1. USB 1.1 vs 2.0? Is there a noticeble delay or data speed diff. between these two. Many interfaces don't specify USB 2.0. Are they?

2. I would prefer an interface with balanced outputs for my home system with all balanced inputs but would like unbalanced outputs available for other systems I may use it on. Only a few units have both. If I buy one with only balanced outputs is there any simple way to feed unbalance inputs (without adverse effects)or will that absolutely require a outboard bal/unbalanced converter box (transformer) as well? (For example, a possiblity I reviewed is the M-Audio Fast TrackPro which appears to have both type outputs but using USB v?? not specified)

Thanks in advance for any assistance.

Mark


----------



## Gregr (Nov 2, 2010)

Hi, Welcome! There is/are many people here who know this stuff top to bottom, front to back, etc, etc I am not one of them but I can shed some light on your question. Hold onto your hat....,

I don't know of a motherboard made in several years using a USB 1.1 spec. I am not sure that any of the hardware made for 1.1 USB will have the Audio quality you are asking about anyway. In the year 2000 the USB Hi-Speed 2.0 spec came along with higher bandwidth and a low voltage for peripherals. 2.0 spec uses Mini-A and Mini-B plugs. I believe the 1.1 spec used the same size plugs as the 2.0 spec but the 2.0 spec added a few pins. Now, since 2008, we are using the USB Superspeed 3.0 spec with the same Mini-A and B plugs with more added pins and allowing for added speed and increased bandwidth again. The 3.0 spec was required and is reverse compatible with 2.0 spec using the same size plugs again but with added pins. I should add that the 3.0 spec increases voltage but adds power conservation protocols.

USB 2.0 and 3.0 I believe is where you will find the better digital audio technology. If you haven't looked at Cambridge Audio's DACMagic I suggest you start there 

Audio Advisor dot com has DACMagic in two iterations.
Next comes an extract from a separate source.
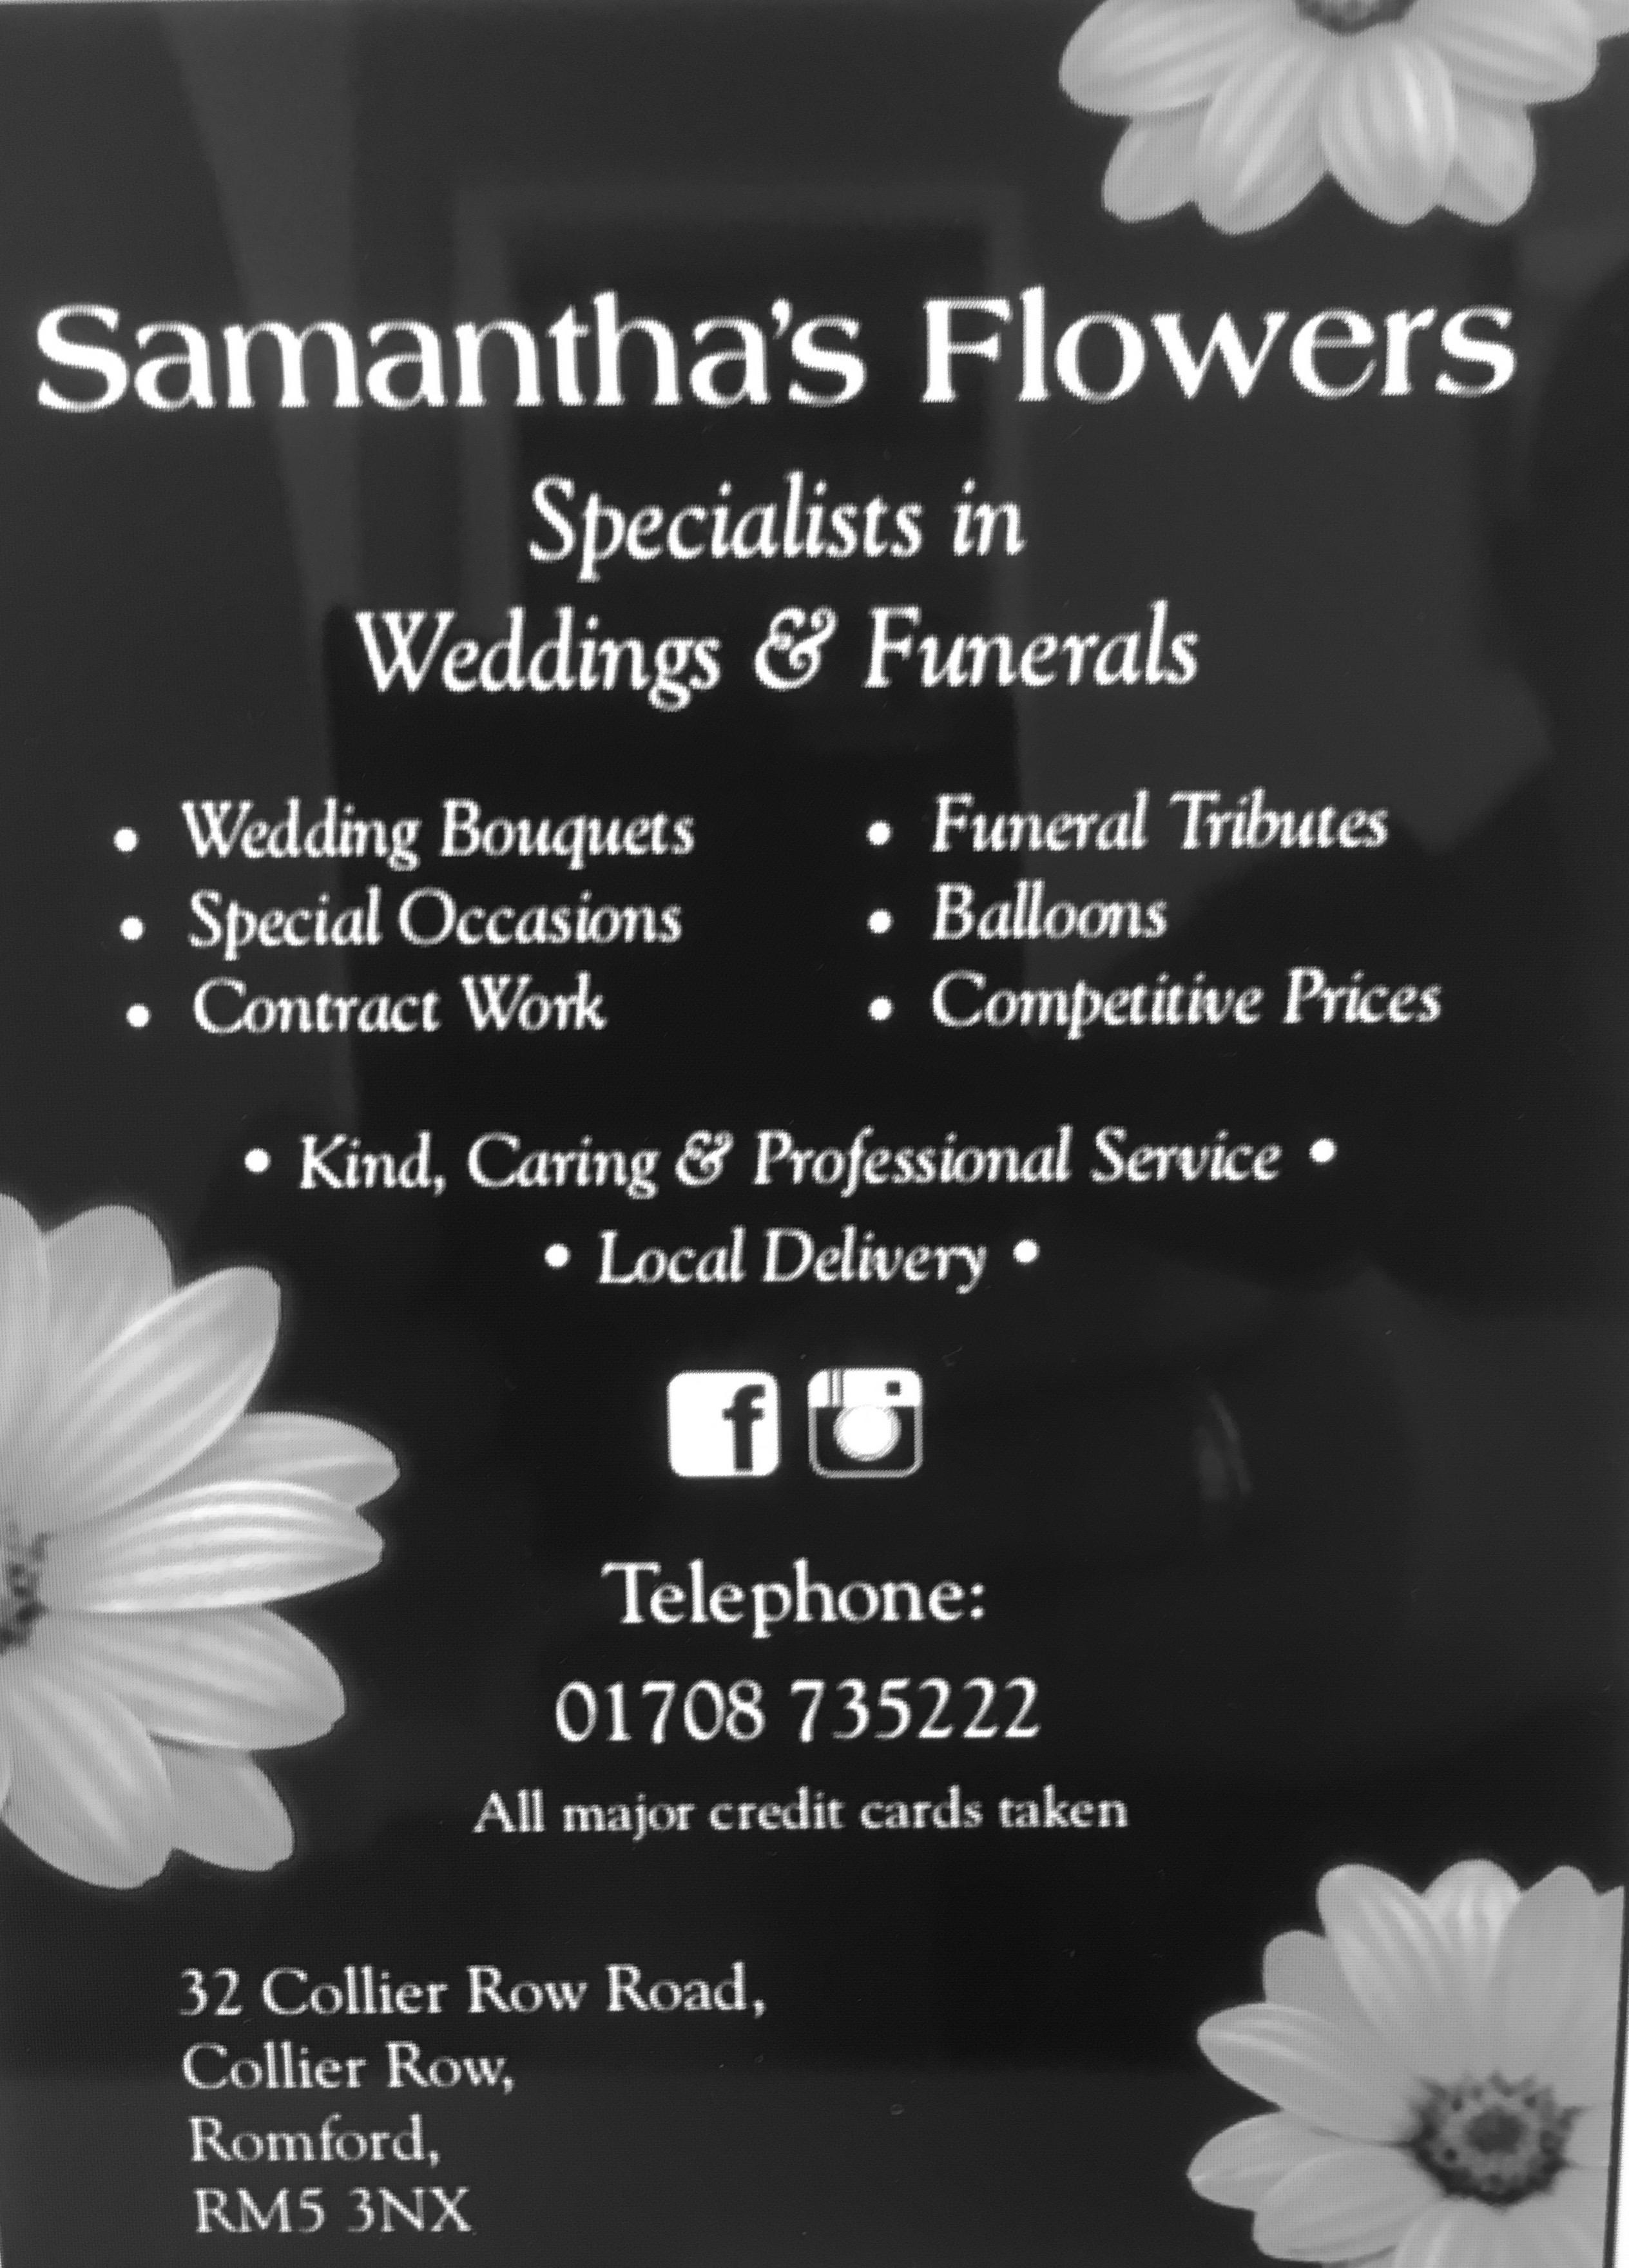 Samanthas Flowers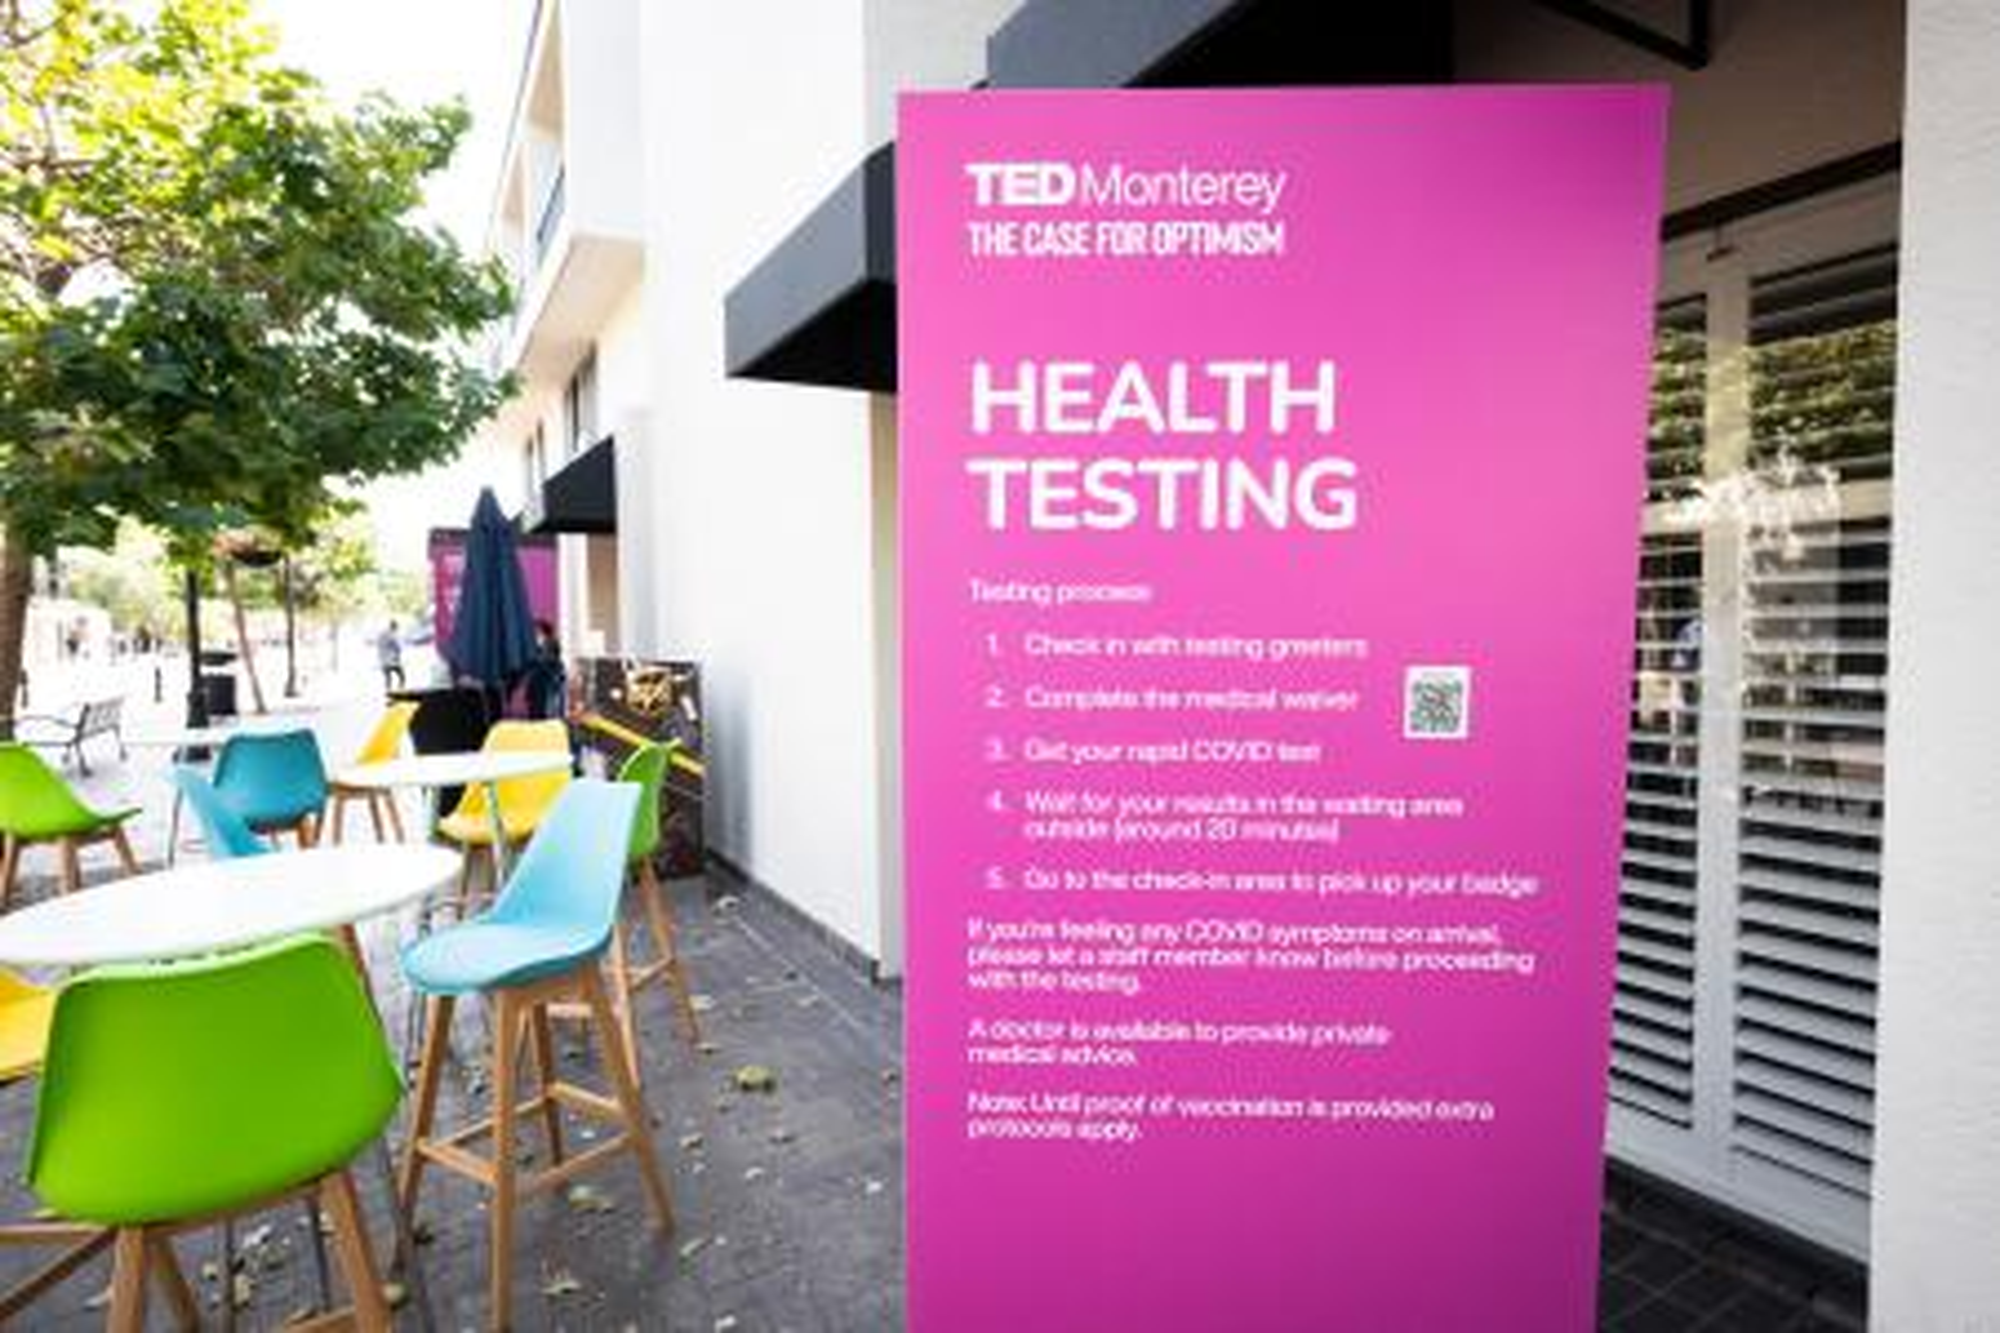 The health testing area

Each have balanced or unbalanced outs and several types of inputs Including USB 2.0.

I hope this helps...,Keep us informed, please? :wave:


----------



## Wayne A. Pflughaupt (Apr 13, 2006)

eyesandears said:


> 2. I would prefer an interface with balanced outputs for my home system with all balanced inputs but would like unbalanced outputs available for other systems I may use it on. *Only a few units have both.*


Are you sure? From what I’ve seen, units with both balance and unbalanced ins and outs are common. For instance, it’s even included in the feature list of the M-Audio Fast Track Pro you’re interested in.

If you’re only looking at the on-line pictures of various interfaces to see what connectors they have, perhaps it would be beneficial to know a bit more about them. Most have “combi-jack” inputs that will accept both XLR and 1/4” (note the hole in the center of the connector for the 1/4" plug). The rear panels often have TRS outputs that will accept both  balanced (TRS) 
and  unbalanced (TS) 1/4" plugs.

Regards, 
Wayne


----------



## eyesandears (Apr 25, 2012)

Thanks for the quick responses. 

I think I was seeing that only a few units still have unbalanced RCA connector outputs. But all now have the TRS outputs

I have been doing more research and now it makes some more sense after reading a few of the USB interface manuals I have downloaded. I was concerned about the usual higher balanced output voltages but that probably won't be an issue with the recommended connections.

Cheers!


----------



## Gregr (Nov 2, 2010)

You know I am probably going to open dialog insert keyboard (ouch) but I remember the old and still used speak-on's, however, with an XLR on one end and TRS on the other. In the back of my mind that was just our making due with what we had for cheap connectors. XLR's are pricey even for a cheap XLR. 

But they work. Why not.

One day I will own Krell Pre/Pro and Amps and balanced connectors will matter again.

I love the DACMagic, I've been thinking this could be an improvement over my sound card. However, With a seperate power supply and digital clock. Several companies have designed exactly that for the DACMagic.


----------



## MysticDan (Nov 13, 2011)

Its all how much you want to spend. Tell us.


----------



## Gregr (Nov 2, 2010)

Dan, who are you writing to? What are you writing about? 

If its about seperates for the DACMagic..., Pangea for $99 sold by Audio Advisor makes a seperate PS. AA came out with this after MapleShade.com marketed their upgrade for the DACMagic specifically. MapleShade is a company I am very interested in many of their ideas and products. Take a look.

Is this what you are looking for?


----------